Wednesday, 17 February 2016

Source saw record demand for its Source Physical Gold P-ETC (SGLD) product last month!

Wow! Eh? / Yes, it's the Wednesday night PR email, back by popular demand.

SGLD was the most actively traded gold Exchange Traded Commodity (ETC) in Europe so far this year and saw the largest inflows of any European gold ETC, attracting $300 million of new assets in January. This compares to less than $250 million of inflows over the whole of 2015.

Er, ETC? WTF?! Is that the same as an ETF? I don't know.

Christopher Mellor at Source, said: "ETFs are a great barometer of market sentiment. Given the challenging start to 2016 and nervousness in the markets, there is clearly a renaissance in gold as a haven. We have seen record demand for our gold product, with investors attracted to its very low cost and high liquidity.
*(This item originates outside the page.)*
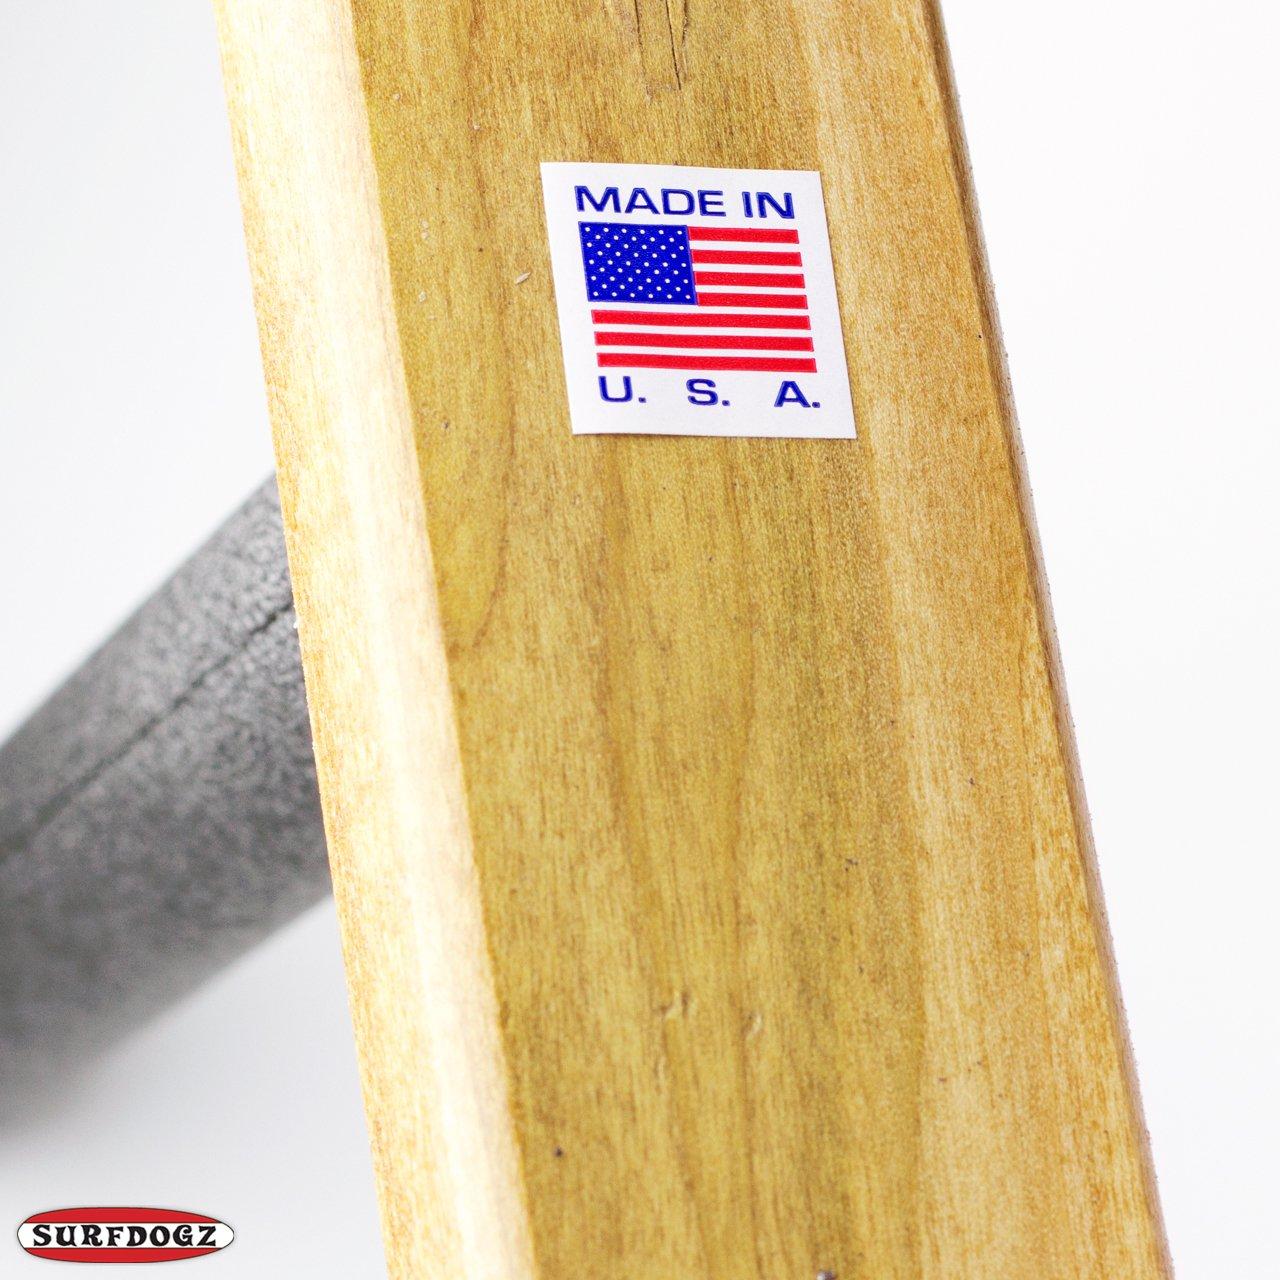 מתקן תלייה ל 2 גלשנים של חברת Surfdogs. המתקן מיוצר בארה״ב, קל להרכבה.

Given the on-going concerns over the global economy, we expect demand to remain strong."

Oh, panic over. Our Chris knows. They're the same thing. Nice one, Chris. You've saved my bacon. 'You're a vegetarian, boss.' Shut up, Voice!
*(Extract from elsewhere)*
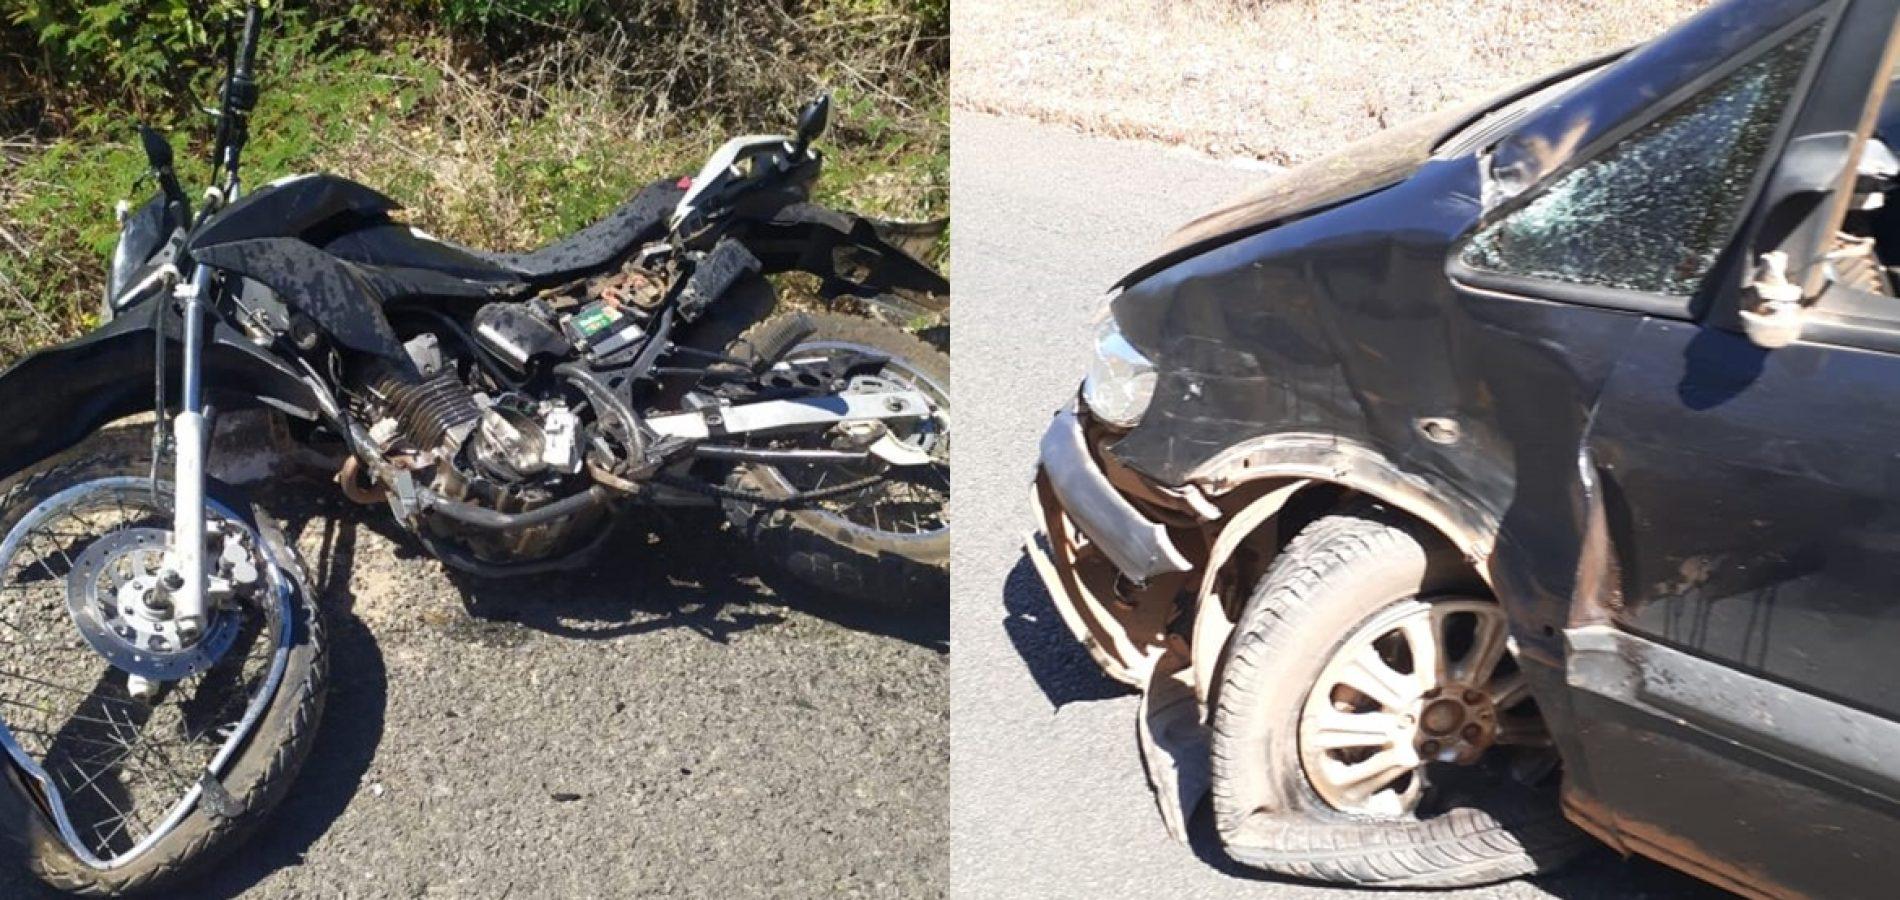 Motociclista morre após desviar de buraco e colidir em carro na PI-143

'Boss! Boss!' What?! 'Have a look at this shit, from Barclays -'

ETCs are also products that are listed and traded on a stock exchange, however unlike ETFs, which will generally track equity or fixed income indices, ETCs track commodities, such as metals, natural energy resources, agricultural produce or livestock. In some cases an ETC will try to directly track the performance of a given commodity, in other cases ETCs will track an index that is designed to measure the value of that commodity. The second index tracking type of ETC tends to occur in cases where there may be complications in tracking the value of the actual physical commodity itself.

Oh, I see. They're different. Chris is taking the piss, ain't he? I can just imagine: Mikey don't know or care what ETCs and ETFs are. So fuck him!

Lovely. Really lovely. It's nice to know who your friends are.